Dead Calm was generally well received, with critics praising Neill, Kidman, and Zane's performances and the oceanic cinematography. It was nominated in eight categories at the 1989 Australian Film Institute Awards, including Best Film, and won four. Modern retrospective analyses have been favourable, with The New York Times naming it one of the 1000 best films ever made.

==Plot==
Rae Ingram is traumatised after a car crash results in the death of her young son. Her older husband, Royal Australian Navy Captain John Ingram, suggests a vacation on their yacht, the Saracen. In the middle of the Pacific Ocean, they encounter a drifting schooner that appears to be taking on water. A distressed man rows a dinghy over to the Saracen. He introduces himself as Hughie Warriner and tells them the schooner is sinking, the other passengers having died of food poisoning ten days prior.

While Hughie sleeps, a suspicious John rows out to the schooner, the Orpheus. In the partially-flooded hold, he is horrified to discover the mutilated corpses of the other passengers and rushes back towards the Saracen. However, Hughie awakens and sails the yacht away, knocking Rae out when she tries to stop him.

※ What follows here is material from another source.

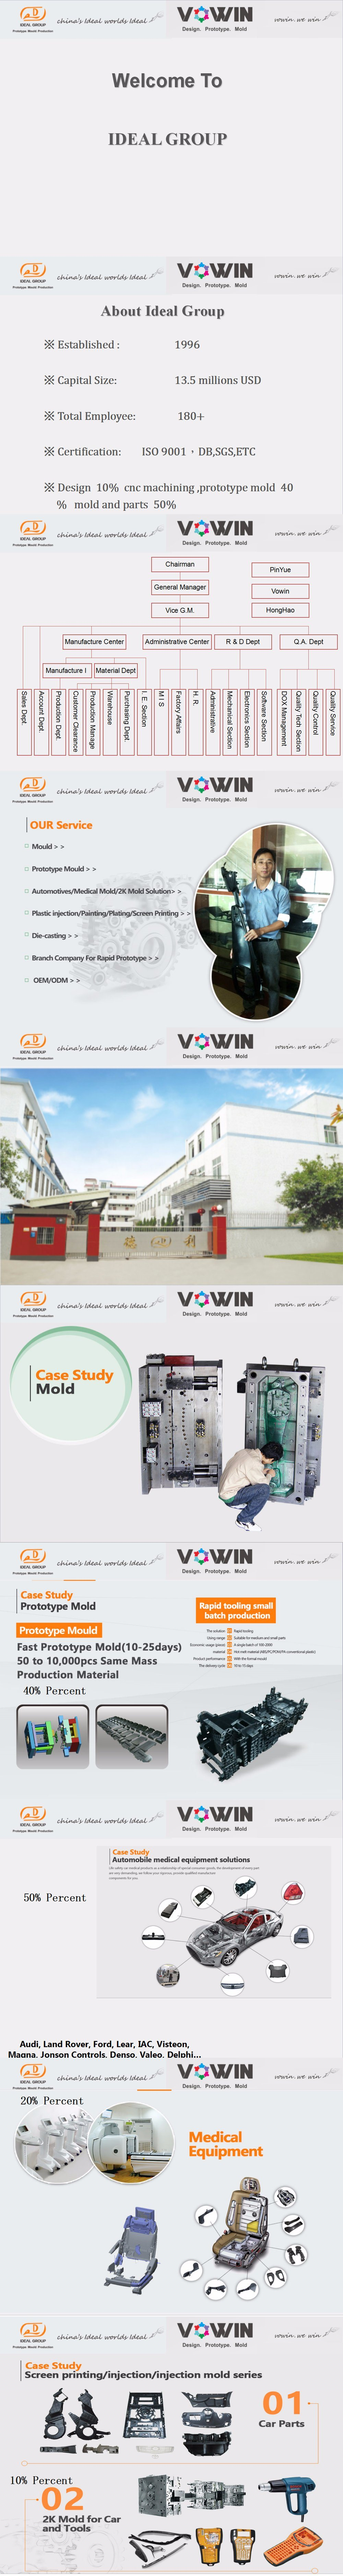 Anodized Aluminum Alloy Rapid Protoyping

Returning to the Orpheus, John manages to pump enough water out of the hold to restart the engine and begin pursuing the Saracen. He also discovers video footage showing Hughie's increasingly unhinged behaviour towards his fellow passengers, culminating in their murders. Rae awakens, and after a confrontation in which Hughie displays extreme paranoia and mood swings, she starts working to gain his trust. John manages to hail Rae on the radio, but water damage makes him unable to reply except through clicks on the receiver to signal yes or no to her questions. He tells her the Orpheus is beyond salvaging and will sink within hours, before his radio dies completely.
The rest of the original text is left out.